_YOUR INSTRUCTIONS:_ All lines from the one containing "SANYO - Công" through the final line of the listing below, and no others, must be returned exactly; no pictures belong in the copy.

··· DATA SEGMENT

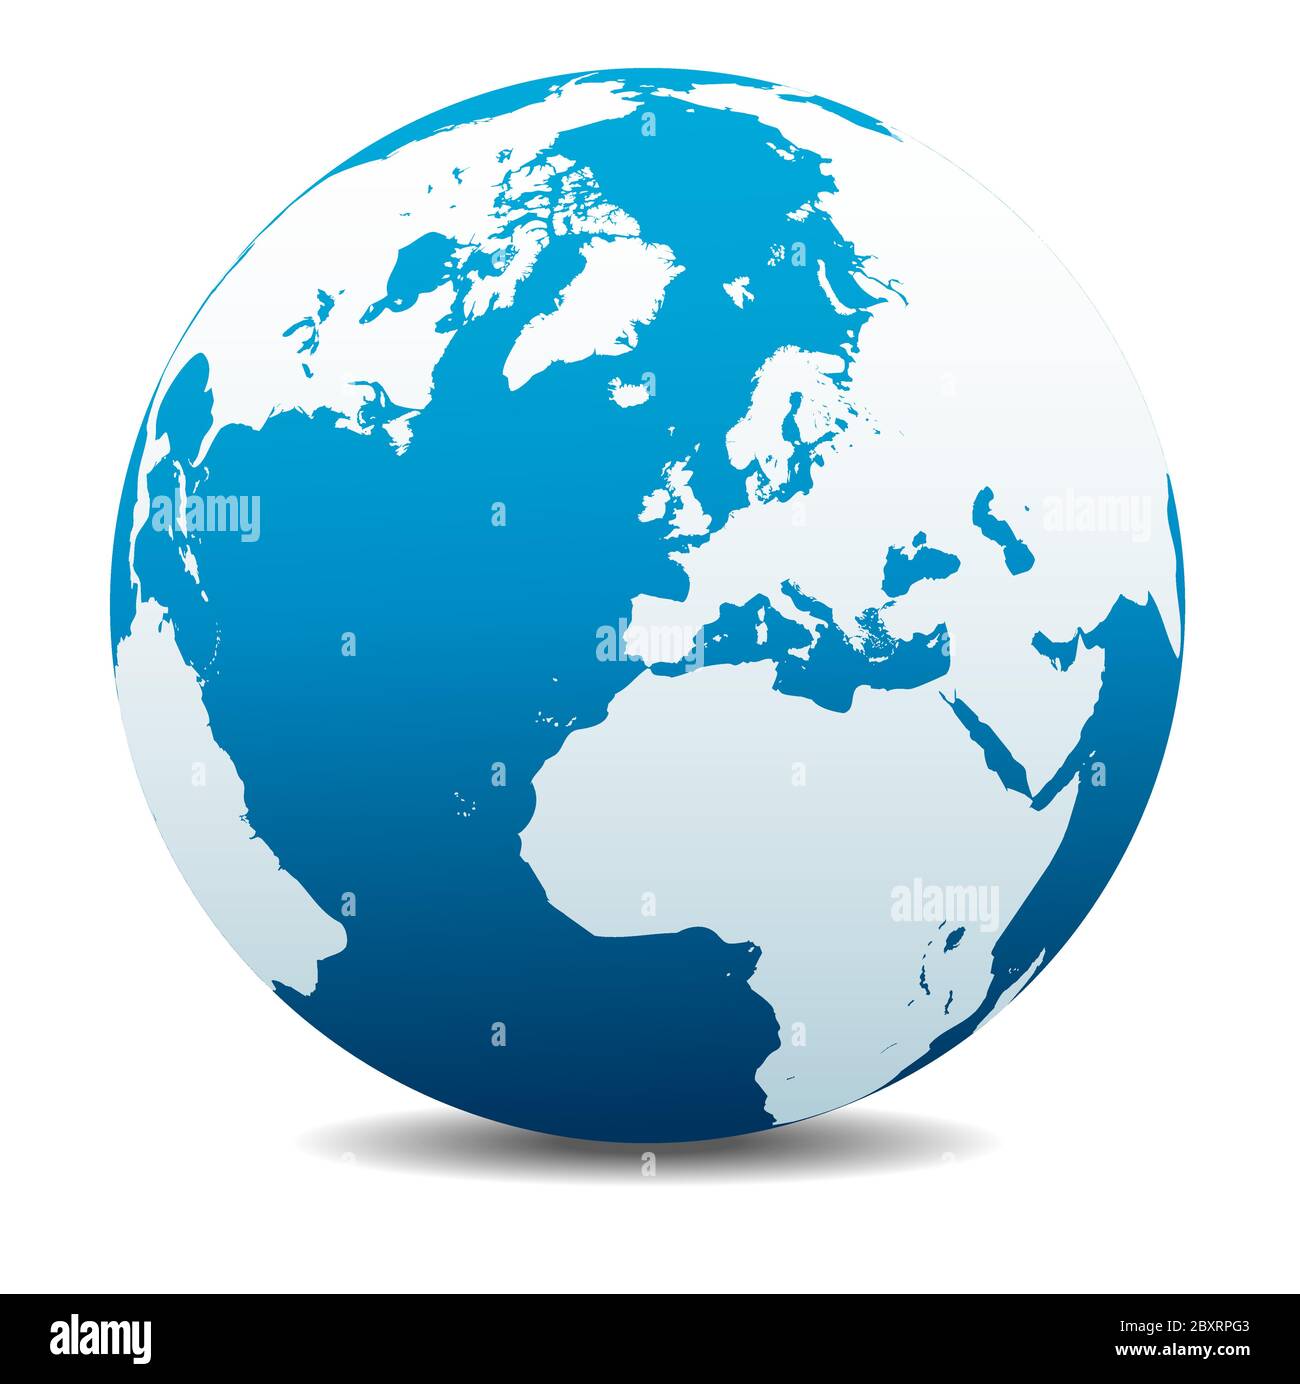 Europe, Russie et Afrique, icône carte vectorielle du globe terrestre, Terre. Tous les éléments se trouvent sur des calques individuels dans le fichier vectoriel. Illustration de Vecteur
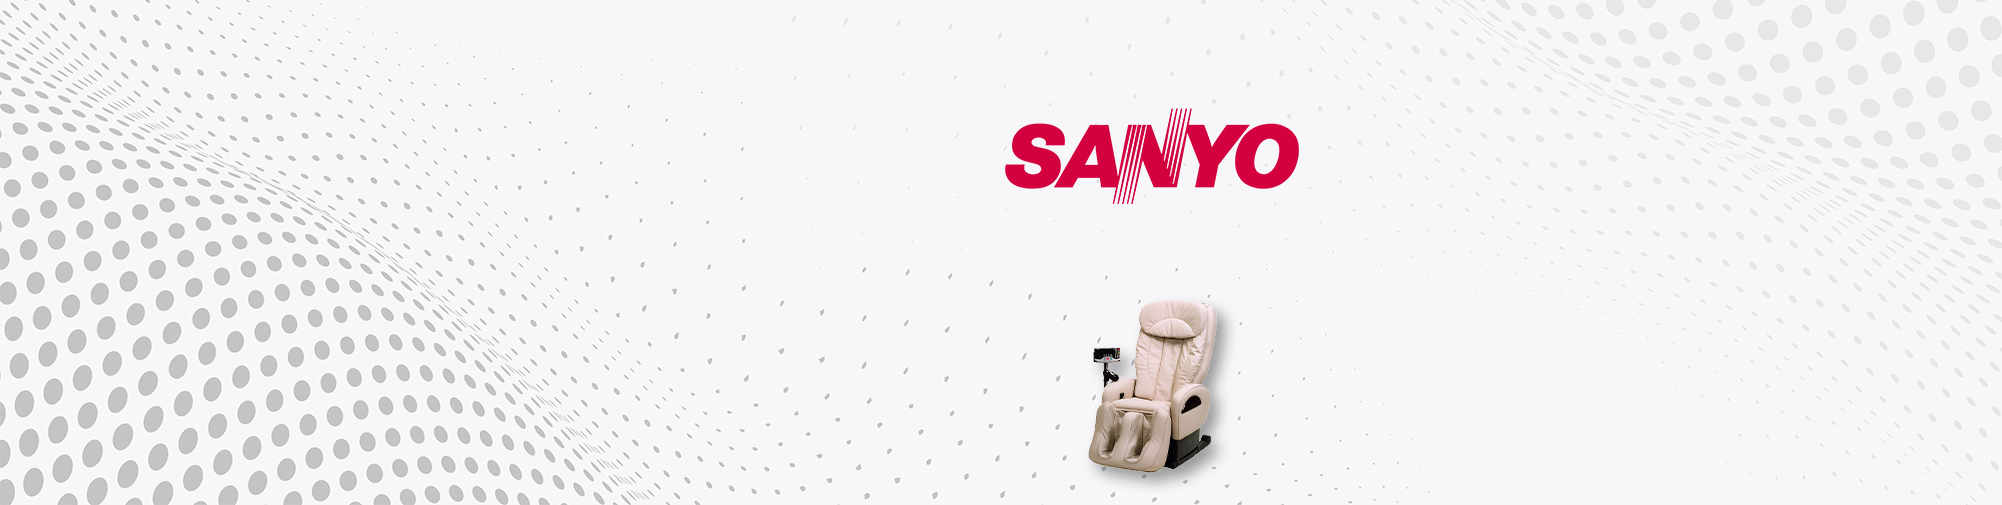 SANYO - Công ty thương hiệu Nhật Bản | Thế giới ghế massage
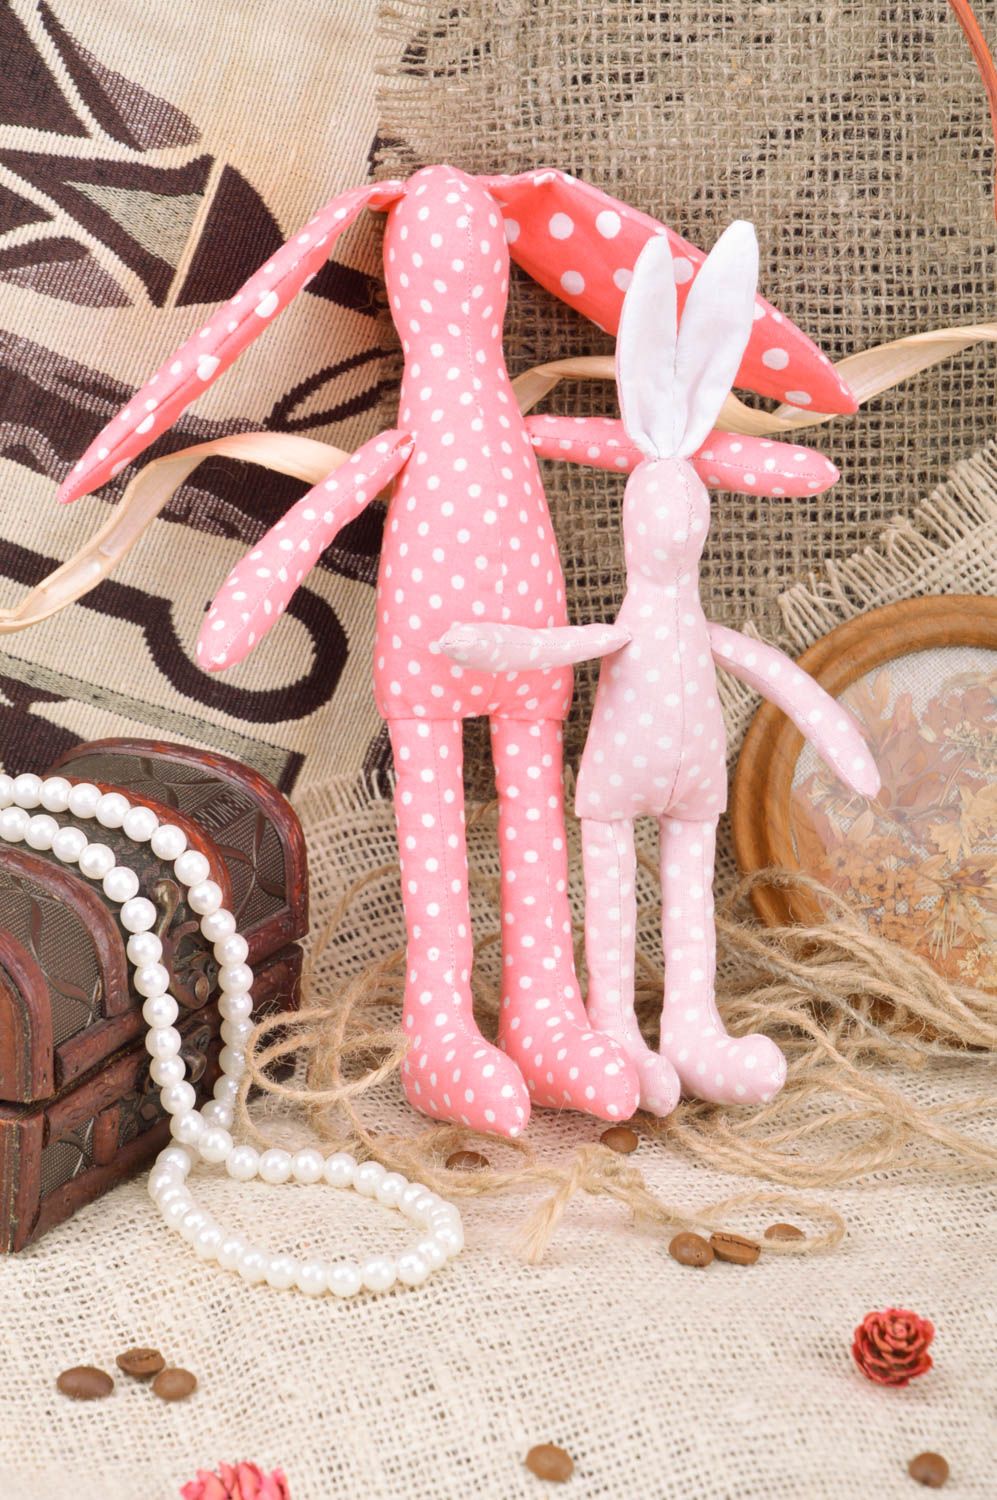 Набор тканевых игрушек зайцы 2 штуки из хлопка ручной работы розовые в горошек фото 1
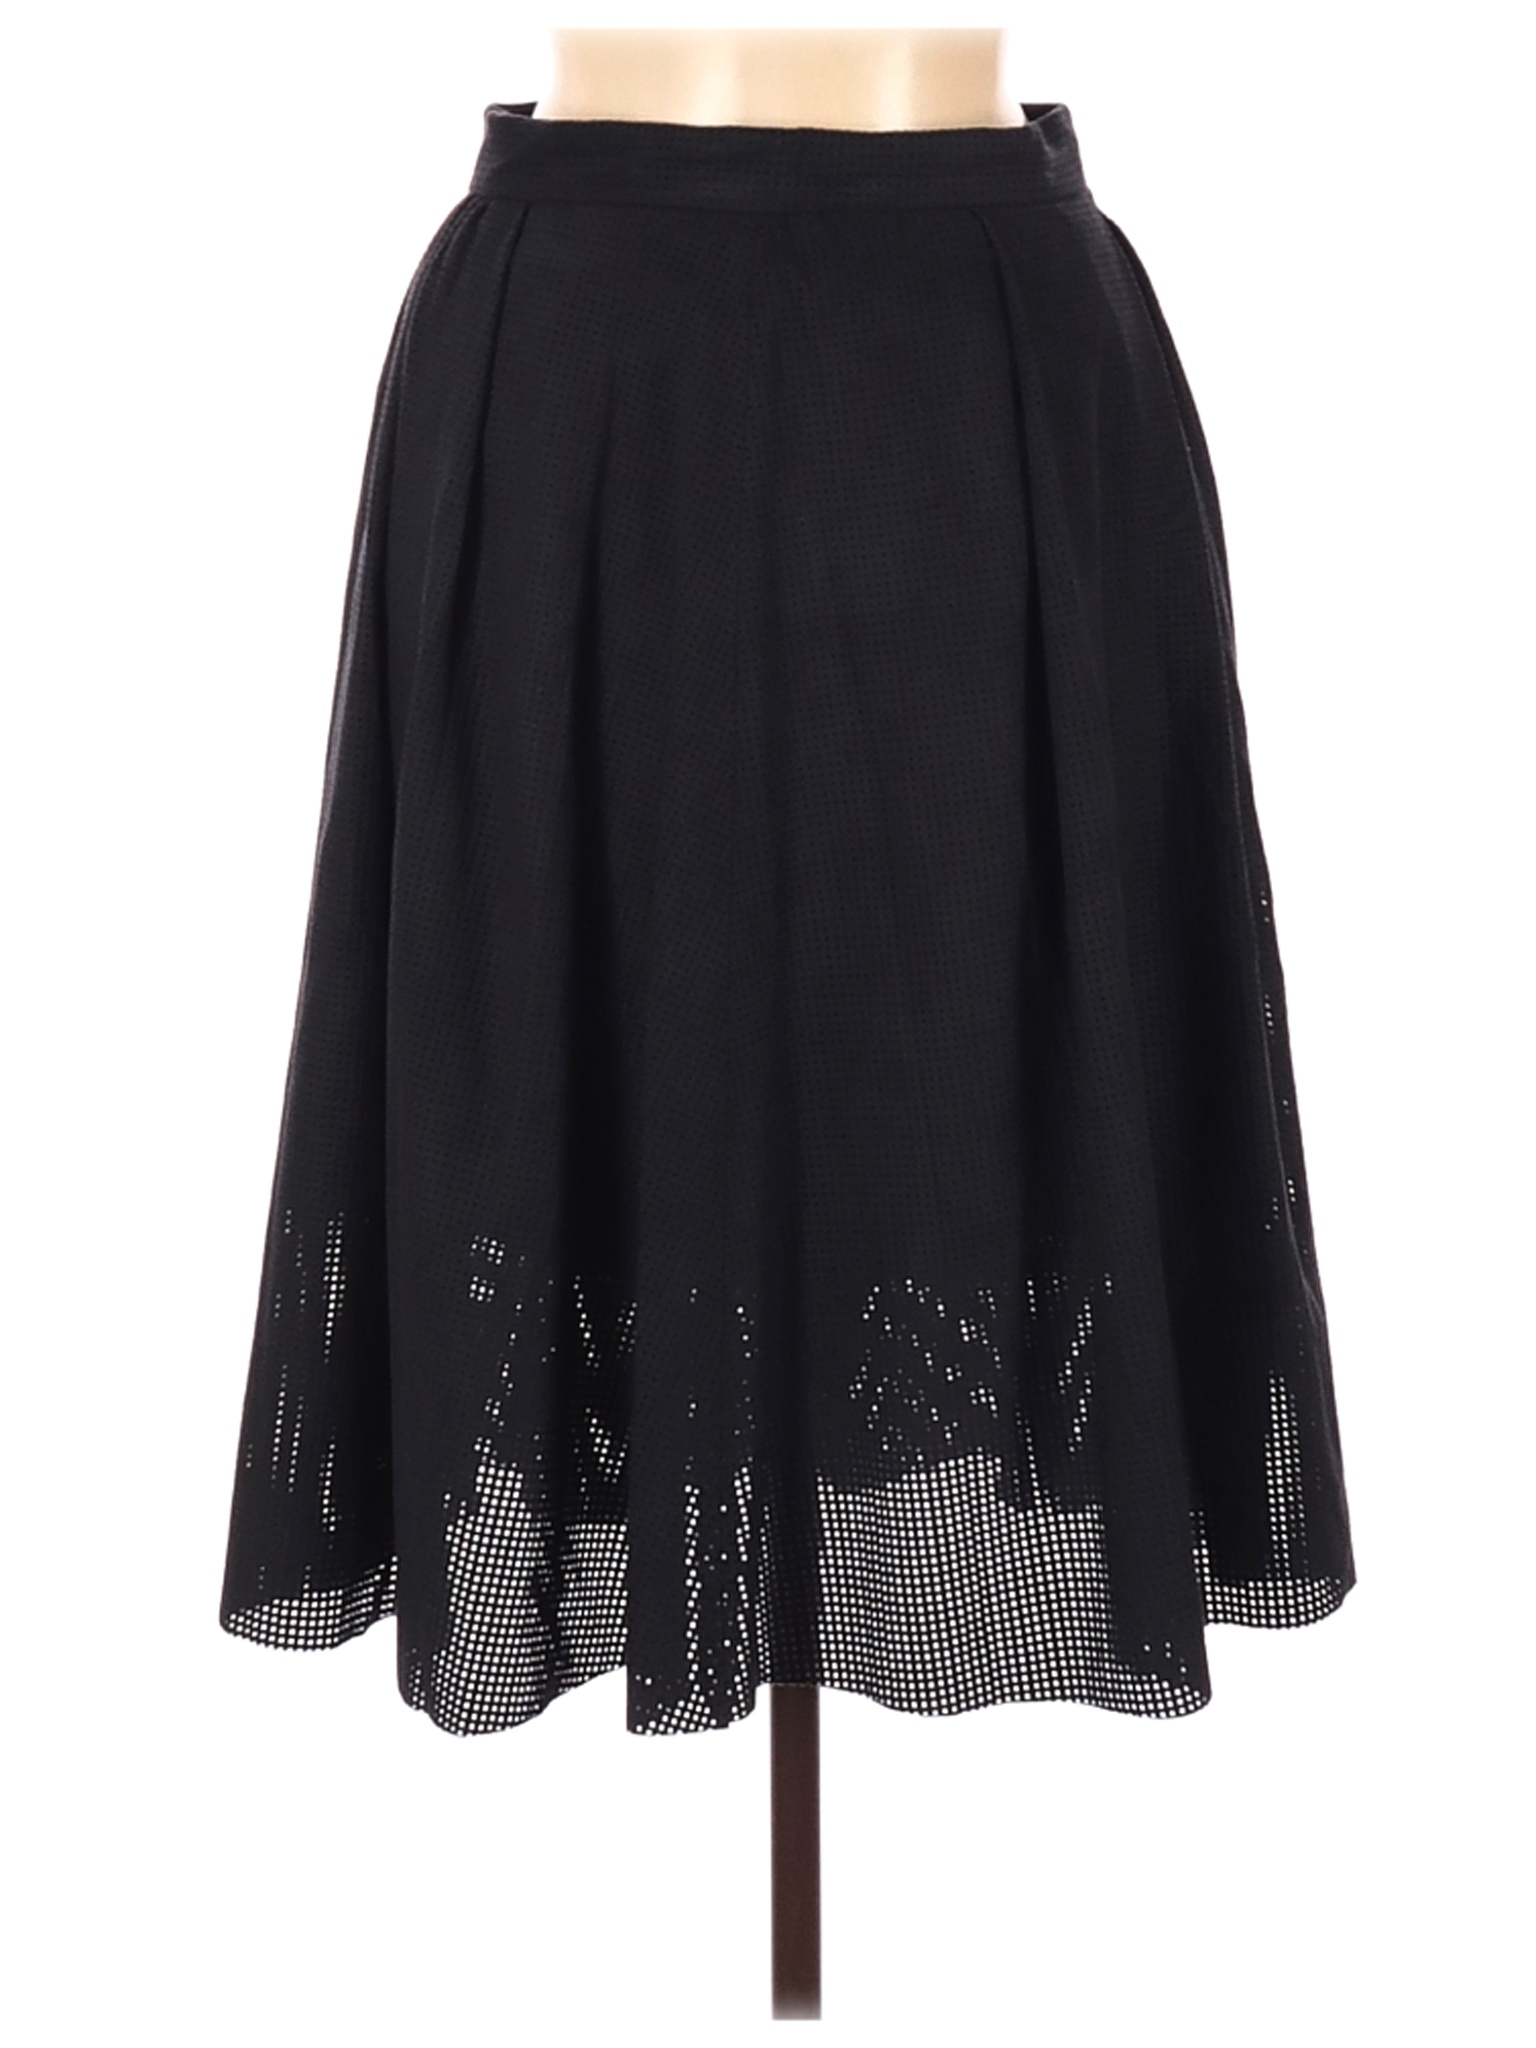 Zara Basic Women Black Casual Skirt M | eBay

······

_YOUR SOLUTION:_
 SANYO - Công ty thương hiệu Nhật Bản | Thế giới ghế massage
 Набор тканевых игрушек зайцы 2 штуки из хлопка ручной работы розовые в горошек фото 1
 Zara Basic Women Black Casual Skirt M | eBay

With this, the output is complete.